I am looking to create a system which has to be able to sustain and persist approx. 1000 events per second from Phoenix channels, and compute statistics of the events over different time windows for an IoT project I’m doing.
The system for example given a bunch of temperature sensors scattered around a room would over windows of 1 minute, 1 hour, 6 hours, and per day compute the minimum mean temperatures, maximum mean temperatures, and opening/closing mean temperatures of the time windows and be able to report them to a web dashboard in real-time as events come by.
The statistics reported cannot be approximate (so techniques like average moving windows/rolling windows cannot be used for these aggregated statistics).

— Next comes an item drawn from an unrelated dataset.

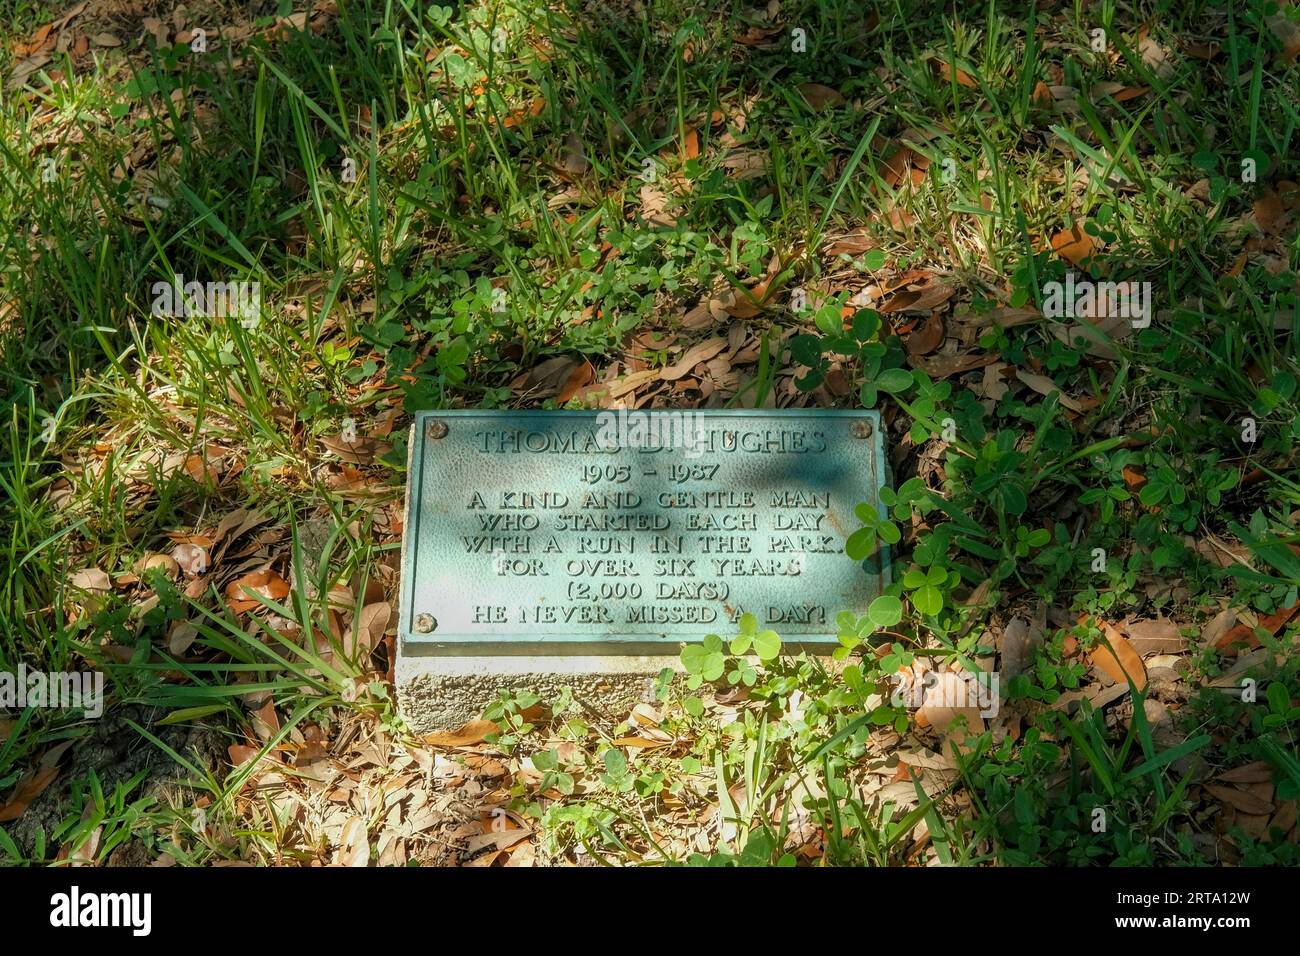 NEW ORLEANS, LA, USA - AUGUST 30, 2023: Plaque commemorating Thomas D. Hughes, a gentle man who ran every day for over six years in Audubon Park Stock Photo
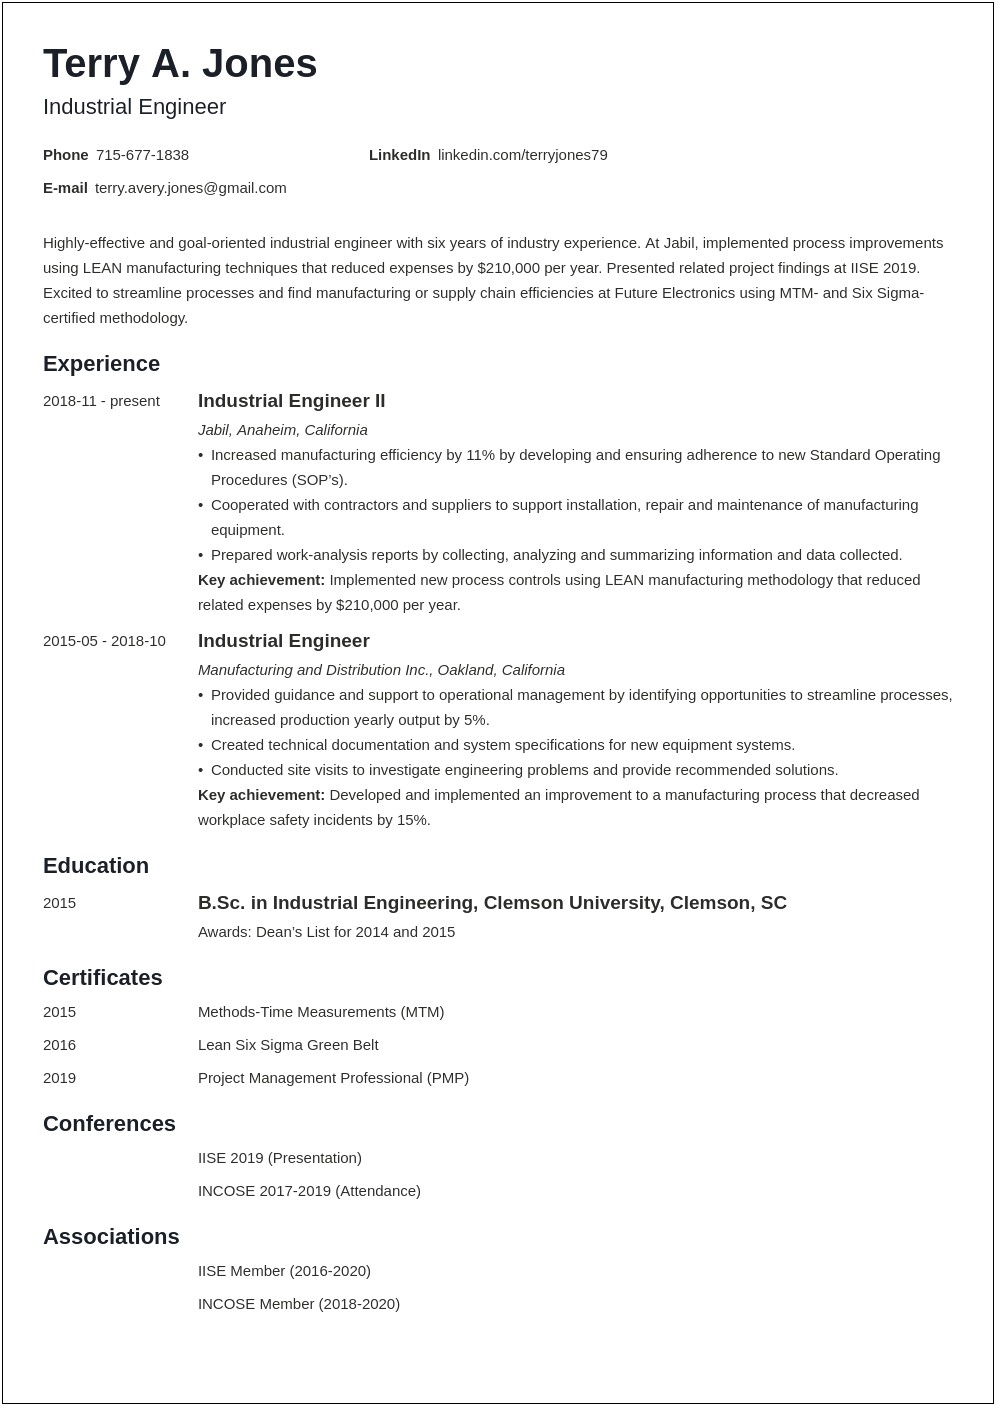 Resume Objective Statement For Engineer

The events right now are aggregated onto a Postgres table, and I was thinking upon receiving the event I could recompute the means/mins/openings/closings using a Postgres aggregation query, though that would obviously be very tasking on the system as this aggregation query would have to go through all events thousands of times a second.
Another method I was thinking of was keeping a running count of the number of events (total count), and having a counter accumulating the temperature values over time on a separate Postgres table (to then compute the mean). I’m worried however that this accumulation would go past the data type limit after awhile and become a pain to handle in the database.
Timing accuracy and persistence if I were to do everything in memory (Redis, ETS) is also a major concern. I hopefully don’t want to touch a time-series database which holds continuous queries, though if anyone knows a very simple way to plug one in then I’d be very interested.
Anyone have ideas on how to architect such a system?